Why You Need To Expand Your Circle
Being a founder is lonely. Sure, you have your team (priceless!), but you also need a solid external team of supporters and advisors.
In fact, startups with advisors grew 3.5x faster and raised 7x more capital.
Mentors can be just that, mentors, formal and informal advisors, board members, investors, or other founders.
Founder Story
I recently had a conversation with the female founder of her eponymous line of home goods that brings in hundreds of millions a year.
Moving from the challenges with hiring talent to networking, she said at the $5-$10mm revenue range she was so head down - execute, execute, execute - managing her team, finding and hiring top talent, and probably 100 other things, that she didn’t think about networking. She didn’t have the time.
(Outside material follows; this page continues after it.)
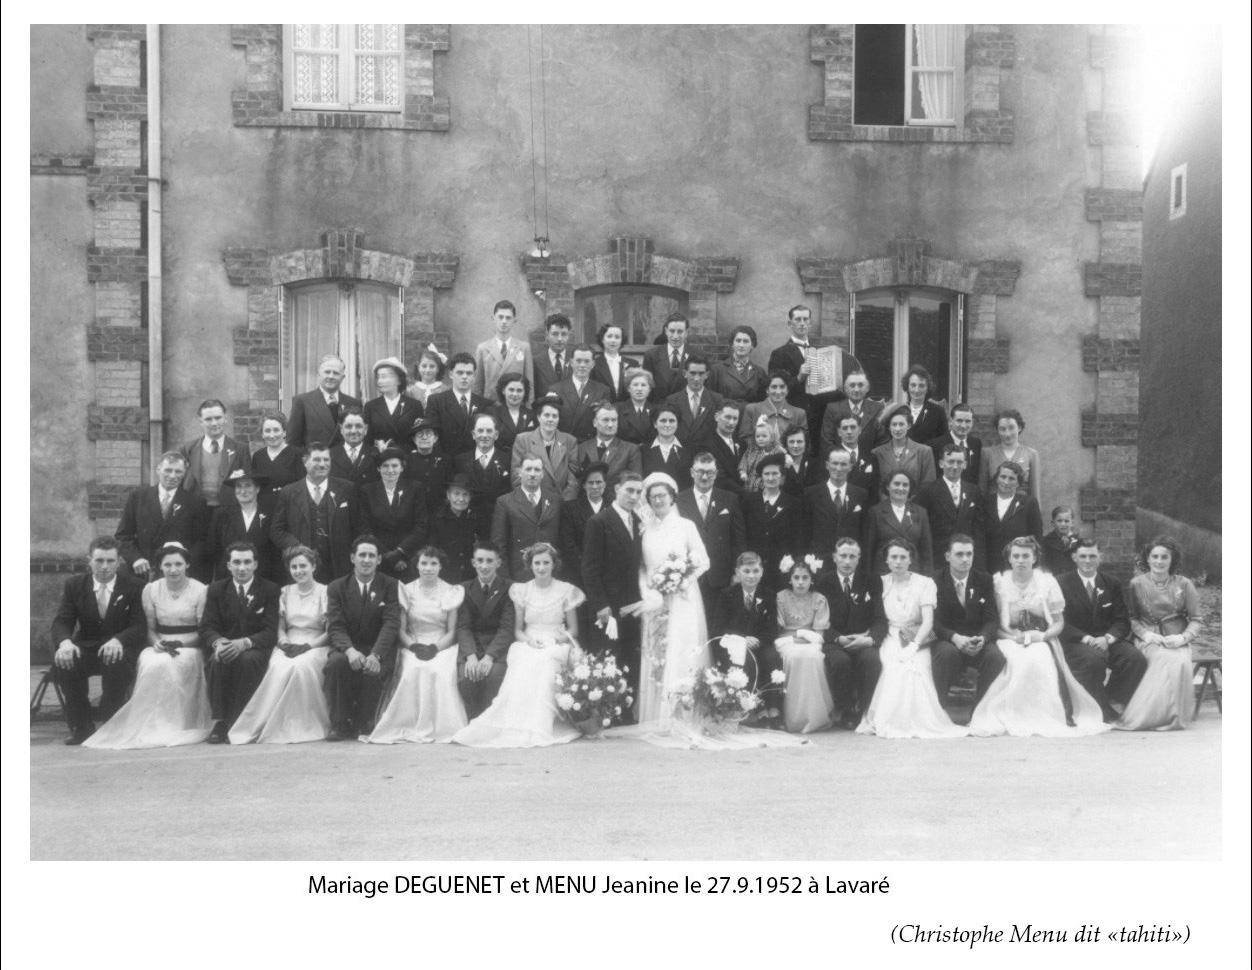 Lavaré - Mariage - DEGUENET et MENU Jeanine - 1952 (Christophe Menu dit Tahiti)

Only later, as she scaled to new heights, did she realize her circle got smaller and smaller. At a certain level, the problems bubbling up to you as CEO are ever-more complex – think about it, if the team could solve them on their own, they wouldn’t reach you. The stakes are often higher as you think through your strategic growth options. For example, when she decided to expand internationally? The circle around you that has done that or can advise may be nonexistent.
After our discussion, I was thinking, did she wait too long?
No Skipping Ahead
You often hear people say that you should build these professional relationships before you need them. They take time to cultivate.
In her case, she pushed it off. She didn’t make the time or feel she had the extra energy to dedicate to building her network.
But, you can’t push it off forever. You can’t skip this step. Nobody ever did epic sh$t alone. All the hard work and sleepless nights will only get you so far. Your team will get you most of the way and will be your daily mentors, advocates, and sounding board.
But an external team that supports, shares information and perspectives, and has deep experience and skills will take you to that next level, help you avoid costly mistakes, and make valuable introductions. They will help you uncover blind spots you may have and give you greater confidence in your decisions.
Could she have grown faster with more mentors or advisors? We can’t answer that, in this case hindsight is not 20-20, but my suspicion is yes. For example, networks may have helped her find top engineers – a big struggle early on.
When you are scaling you need to invest even more in networking – you constantly need new talent, new partners, new vendors, new clients, and more brand recognition.
Founders Circle
First off, you want to surround yourself with those on the same trajectory.
You want to have other founders in your circle – those with similar ambitions and scale. They are an endless source of emotional support because they have been where you are and get the founder journey (more like the cyclone at Coney Island!). They get the extreme highs and lows.
They have also been there, done that. Maybe not the same industry but they have had faced similar strategic decisions. They get what wakes you up at 2am in a cold sweat. They can make referrals for your basic needs – PR, marketing, IT, lawyers, bankers, coaches, etc. They can tap their networks for top talent.
One study found that 33% of companies that were mentored by successful entrepreneurs were top performers, compared to 10% of other companies.
Here, she may have faced additional challenges as a female founder, particularly at that level. Just 1.7% of female founders generate more than $1mm in revenue. Or, for example, if you are a female founder who wants to go public, you will find that about 20 female founders have IPO’d their company among the hundreds each year that go public.
Not to say men are not equally valuable mentors – all of mine have been – but there are certain unique roadblocks and challenges that women face when building a business. At the end of the day, all founders need other founders in their circle. You can join closed communities like Entrepreneurs Organization or masterminds like War Room.
You also need a crew of mentors, advisors, board members, and investors (if you chose to go that route), etc. I leave that for another post. For now, you need to grow your circle.